_Task data_
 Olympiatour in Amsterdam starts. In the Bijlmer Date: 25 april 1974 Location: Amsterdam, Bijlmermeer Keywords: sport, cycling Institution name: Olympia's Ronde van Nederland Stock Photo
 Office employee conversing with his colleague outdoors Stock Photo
--
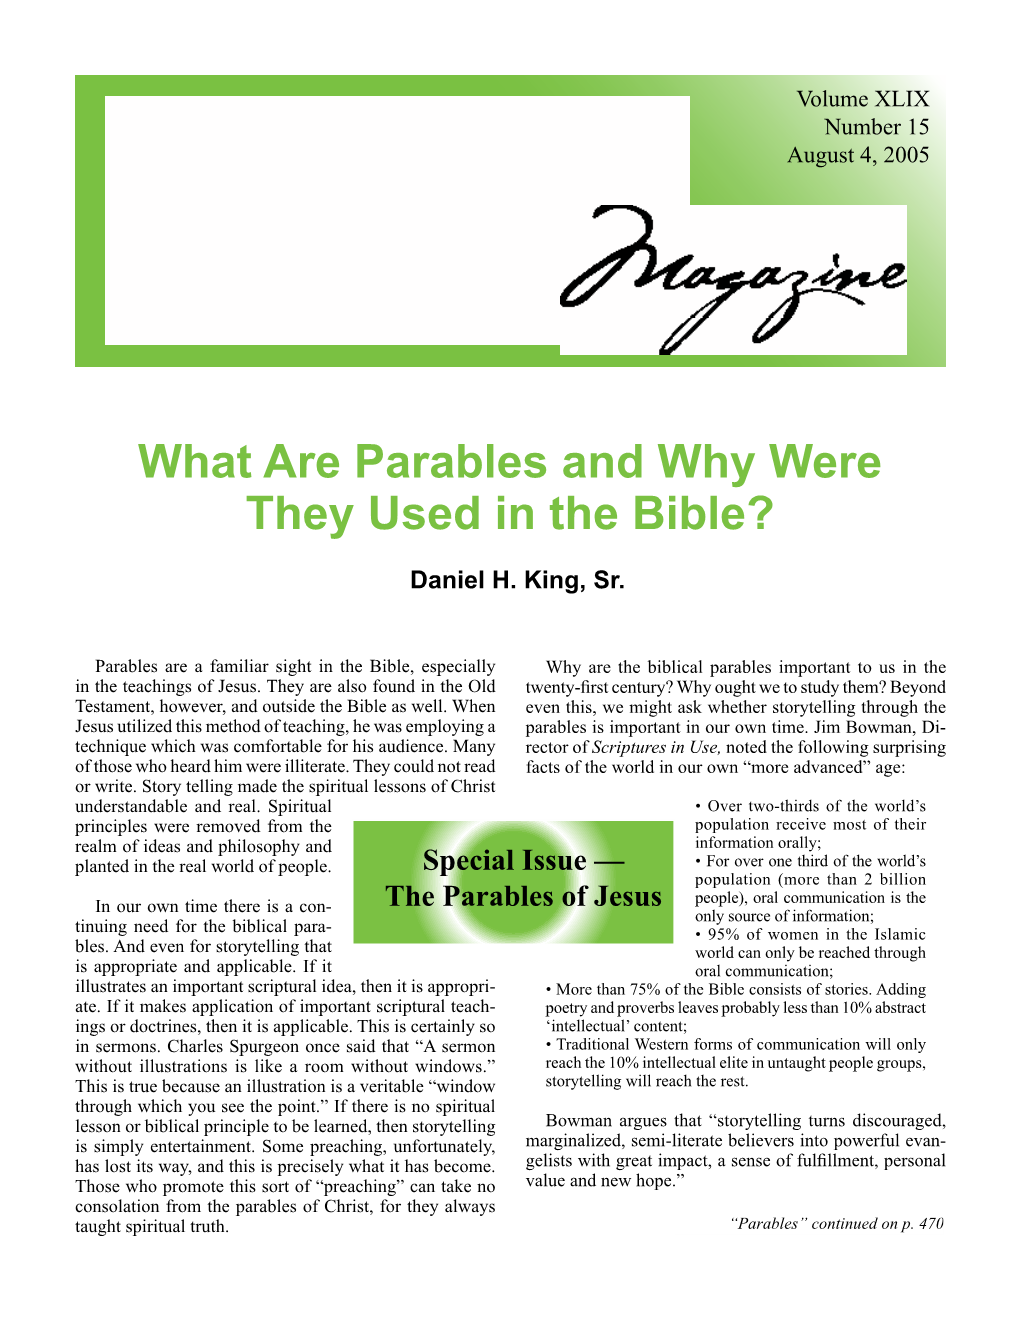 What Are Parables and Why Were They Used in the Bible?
* * *
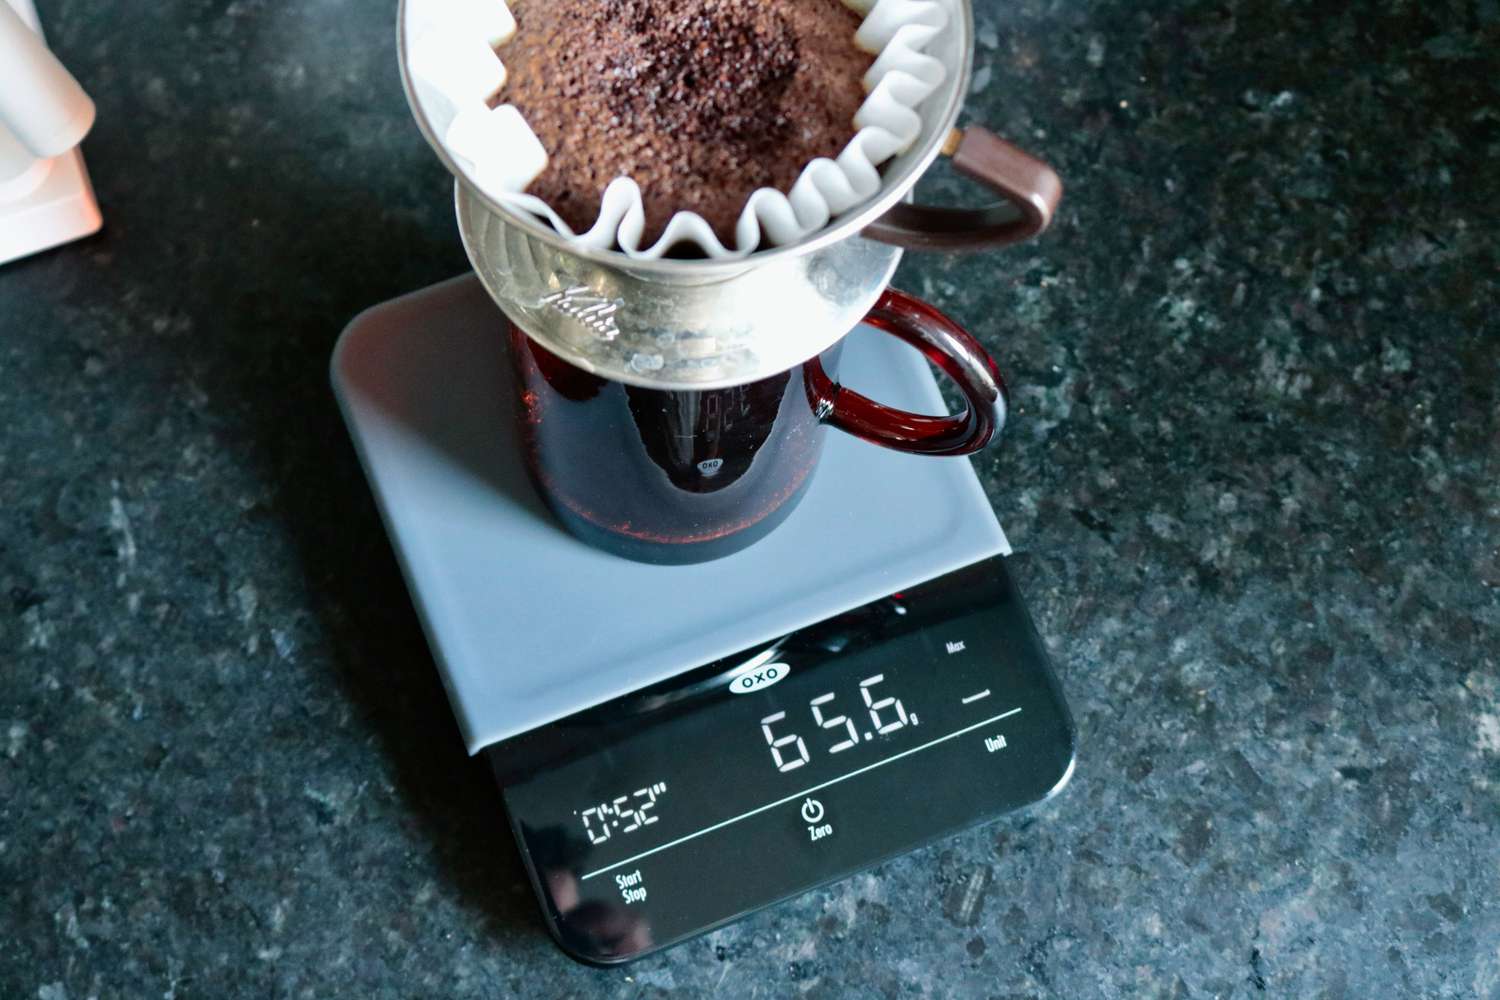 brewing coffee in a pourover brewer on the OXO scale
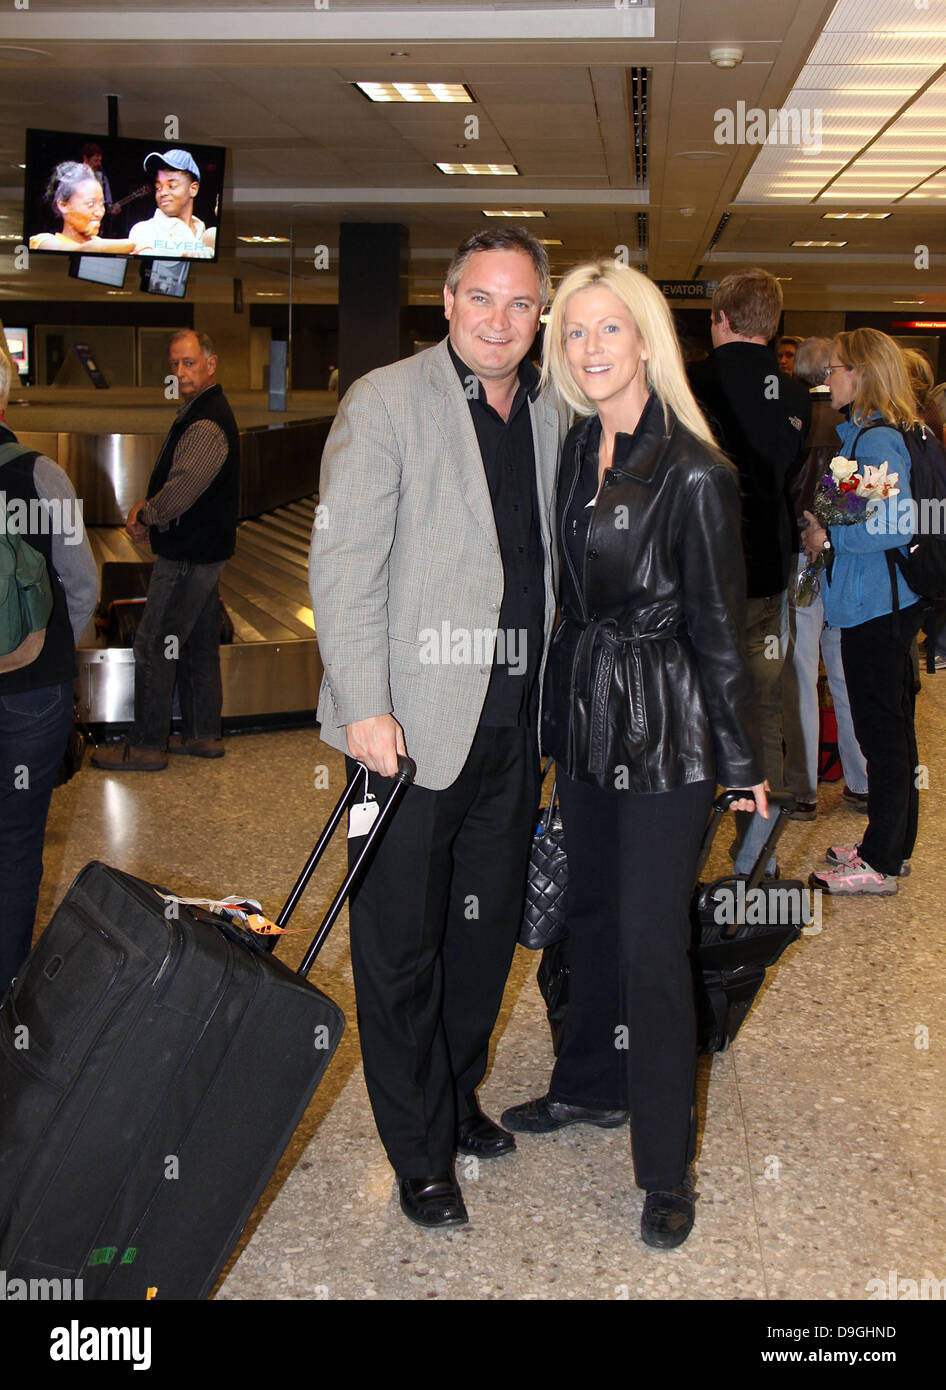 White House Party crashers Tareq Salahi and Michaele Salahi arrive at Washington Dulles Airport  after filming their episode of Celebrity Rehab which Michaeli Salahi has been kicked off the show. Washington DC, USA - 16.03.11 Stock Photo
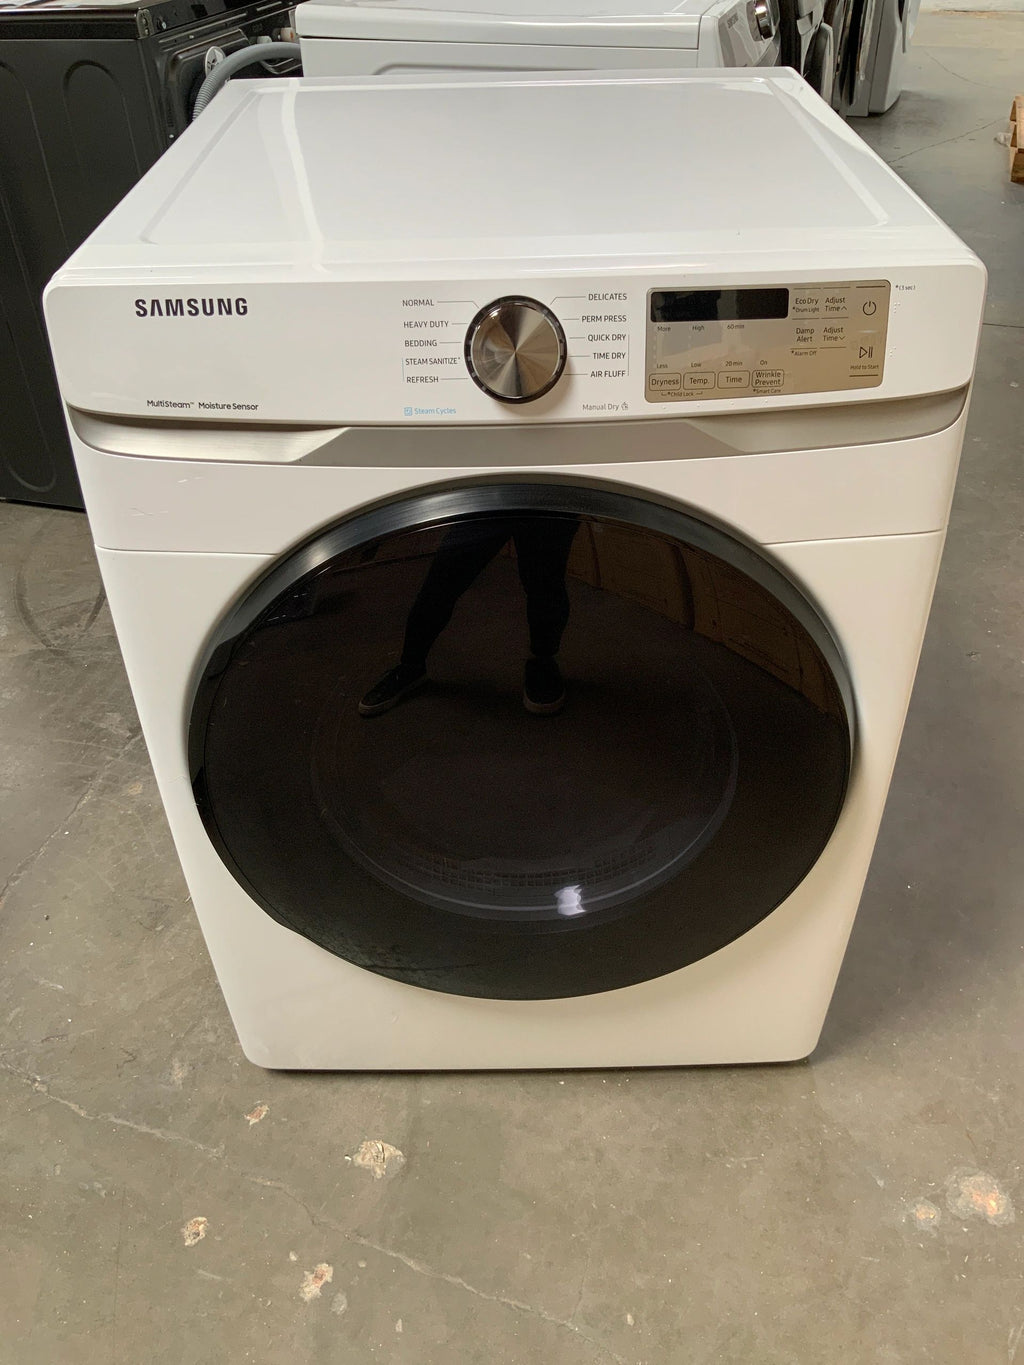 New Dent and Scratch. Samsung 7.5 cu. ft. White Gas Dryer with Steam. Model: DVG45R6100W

_Work item_
Only the lines above starting with the one with "Olympiatour in Amsterdam" and going through the one with "Office employee conversing" are to be copied, word for word and with both ends kept.

_Answer box_
 Olympiatour in Amsterdam starts. In the Bijlmer Date: 25 april 1974 Location: Amsterdam, Bijlmermeer Keywords: sport, cycling Institution name: Olympia's Ronde van Nederland Stock Photo
 Office employee conversing with his colleague outdoors Stock Photo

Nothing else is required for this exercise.